After locating the line with "Medidas de seguridad" in the entries below, output it and each following line up to and including the line with "Sinónimos de legislación", exactly and without pictures.

▶ **The data**:
□ □ □

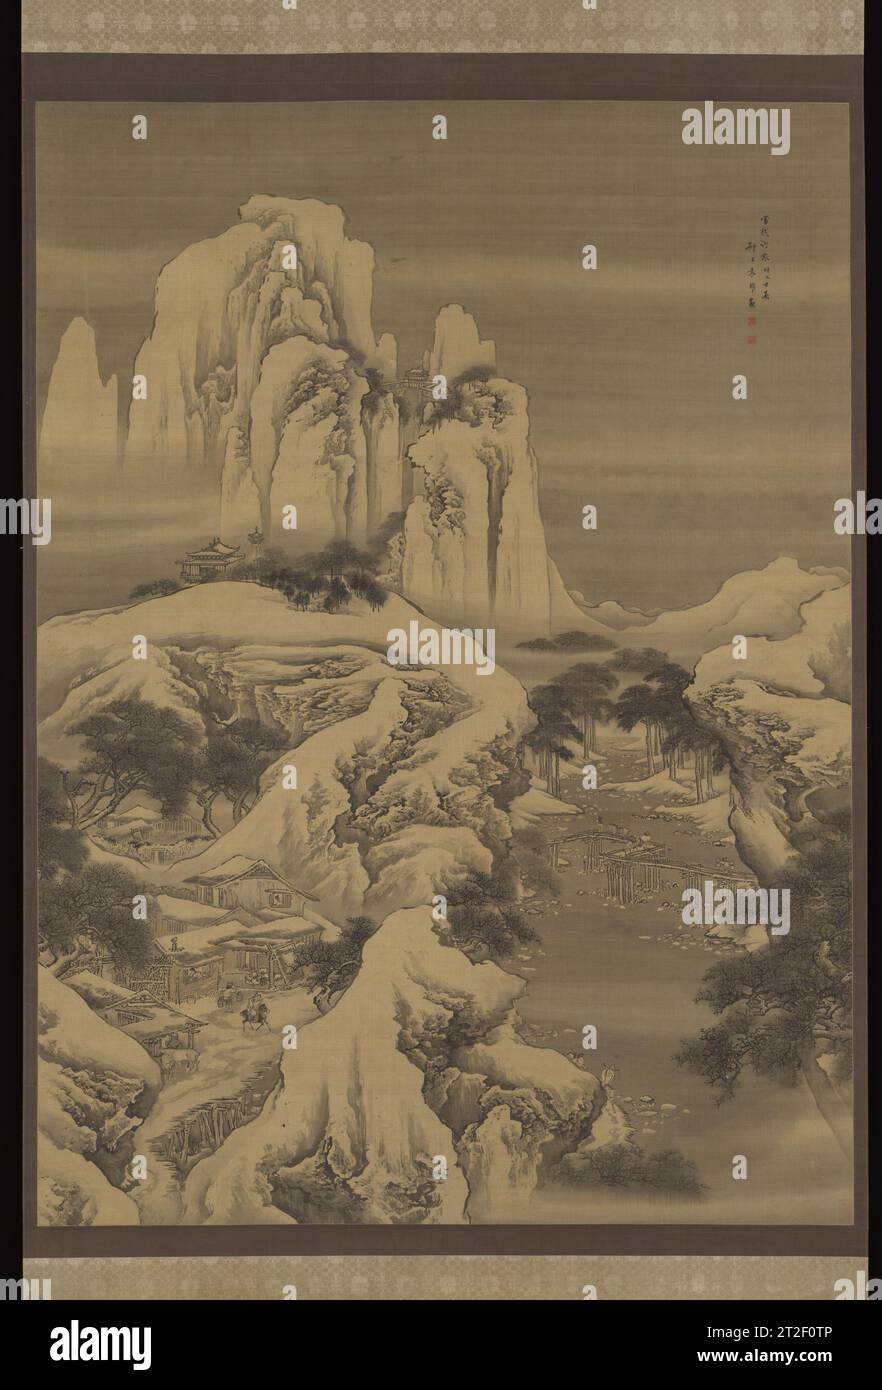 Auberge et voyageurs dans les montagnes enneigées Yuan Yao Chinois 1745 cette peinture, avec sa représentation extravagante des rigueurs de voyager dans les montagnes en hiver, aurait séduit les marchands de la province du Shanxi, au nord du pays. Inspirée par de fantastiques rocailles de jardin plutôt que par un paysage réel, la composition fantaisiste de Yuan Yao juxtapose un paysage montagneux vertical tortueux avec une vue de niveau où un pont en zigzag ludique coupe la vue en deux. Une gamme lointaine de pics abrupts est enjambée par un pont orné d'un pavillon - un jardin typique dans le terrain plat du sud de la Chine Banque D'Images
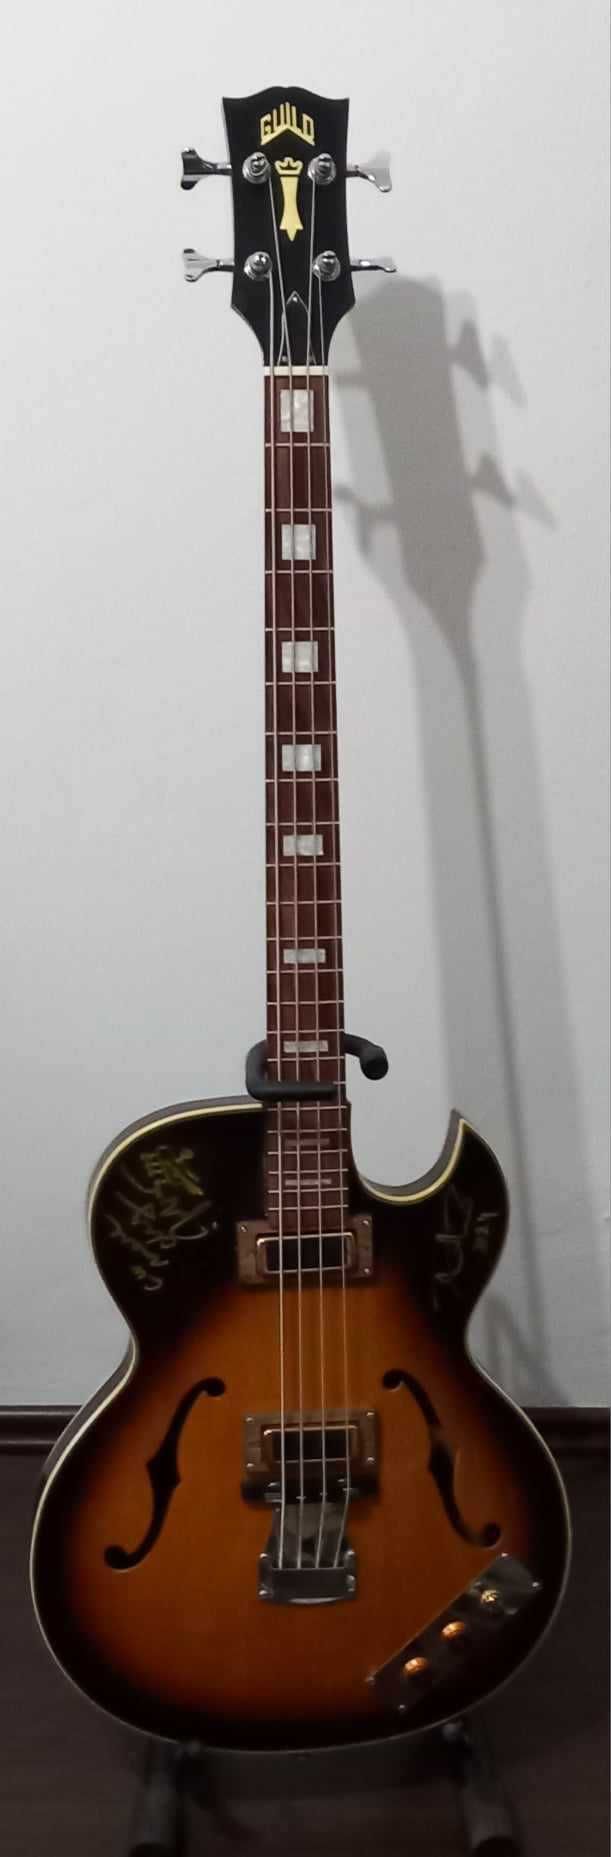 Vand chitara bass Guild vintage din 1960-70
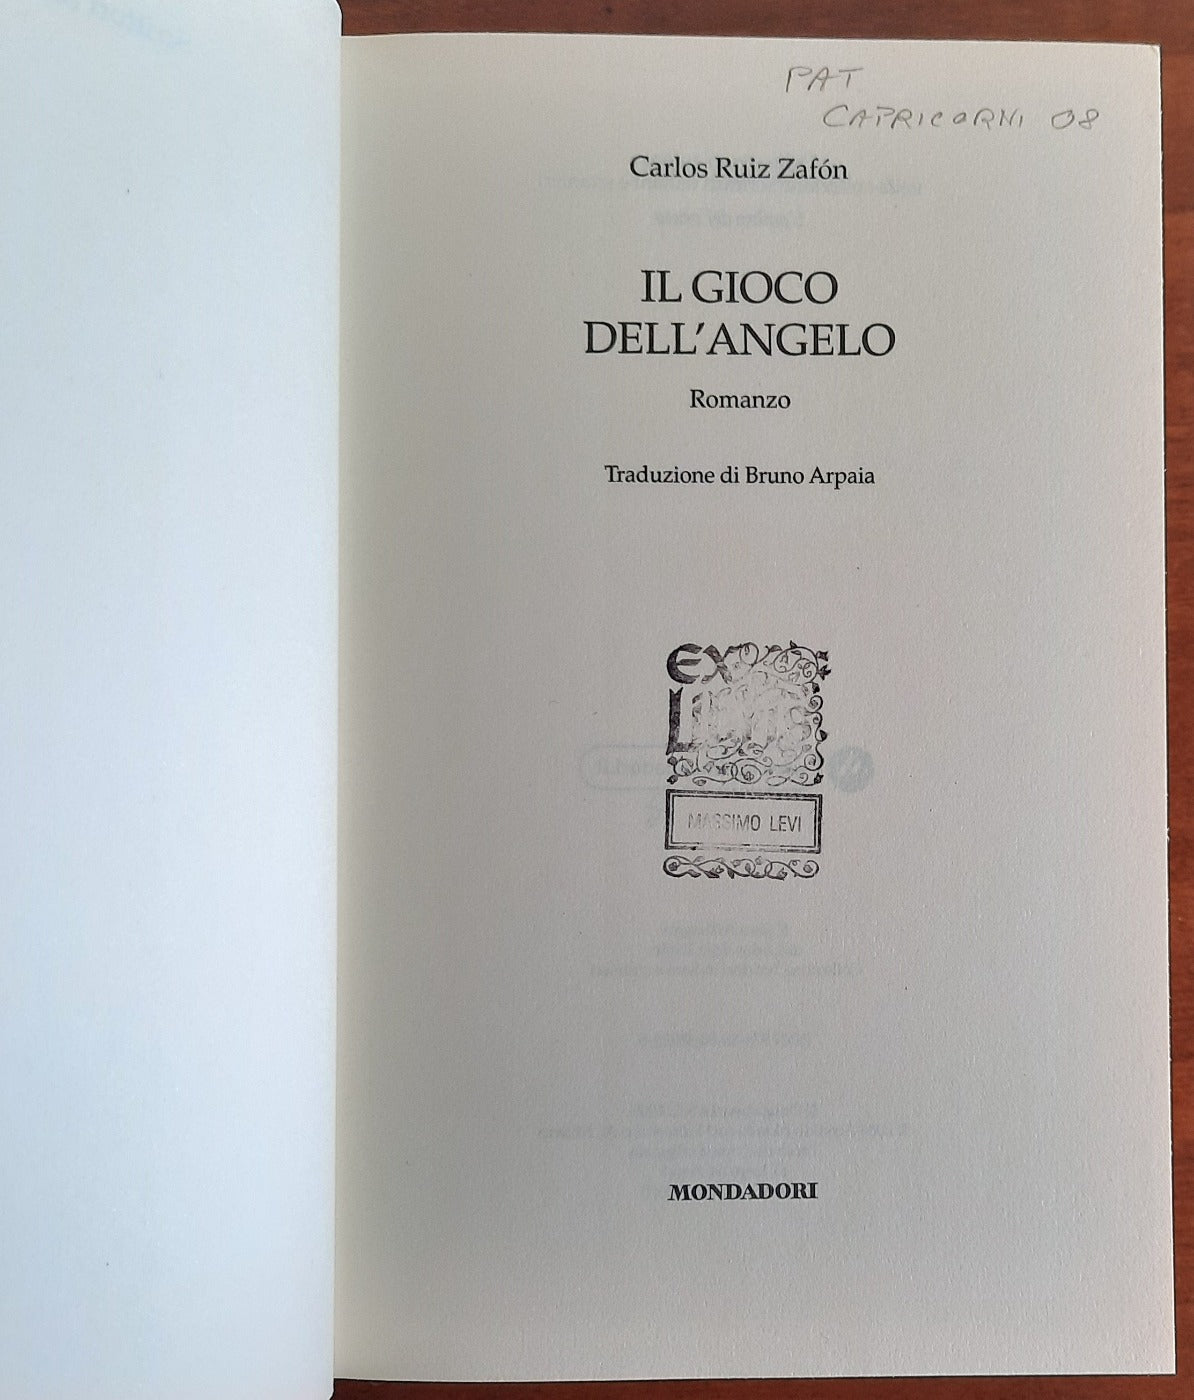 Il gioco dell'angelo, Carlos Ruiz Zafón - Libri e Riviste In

□ □ □

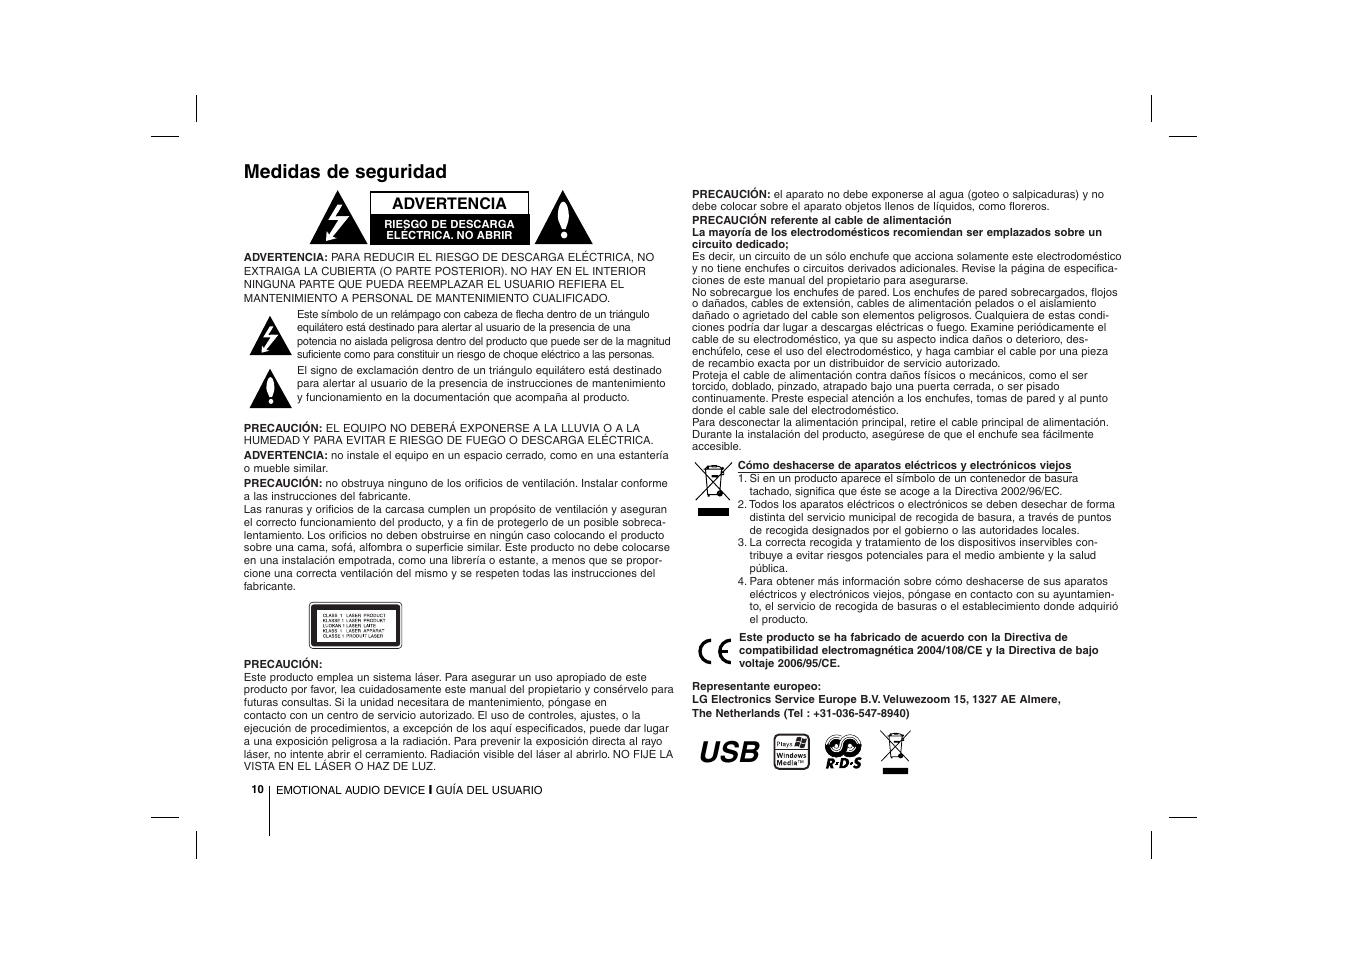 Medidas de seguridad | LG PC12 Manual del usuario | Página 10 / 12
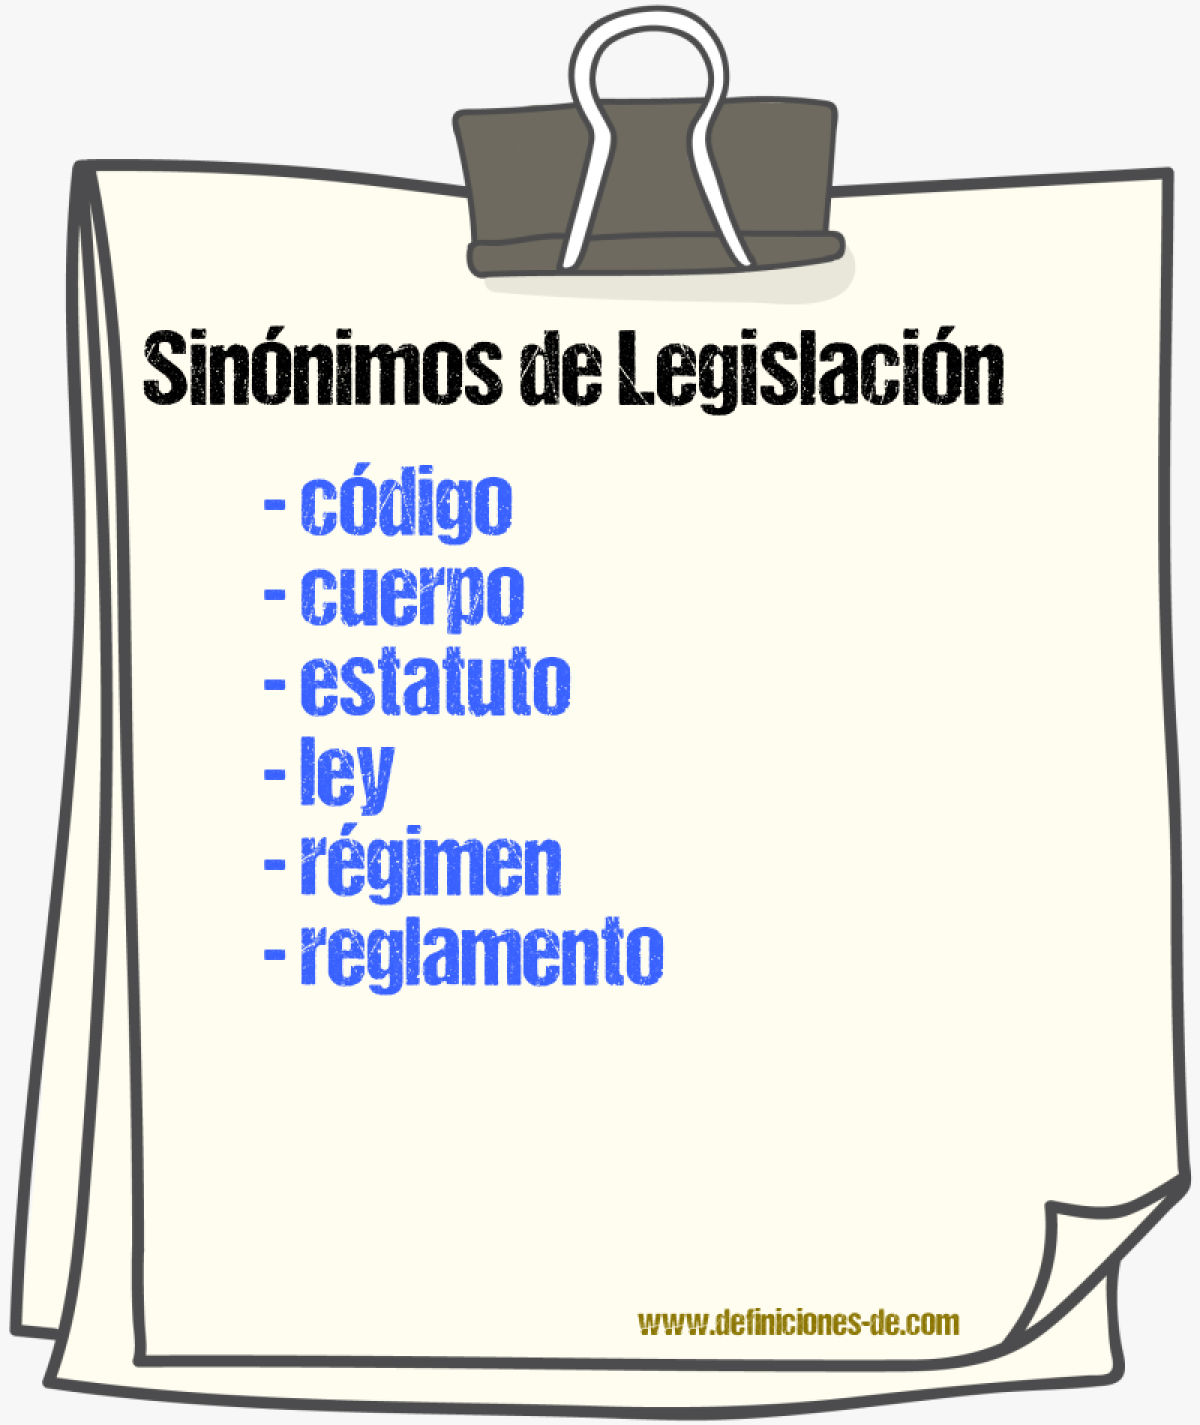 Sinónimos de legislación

□ □ □

▶ **Completed exercise**:
 Medidas de seguridad | LG PC12 Manual del usuario | Página 10 / 12
 Sinónimos de legislación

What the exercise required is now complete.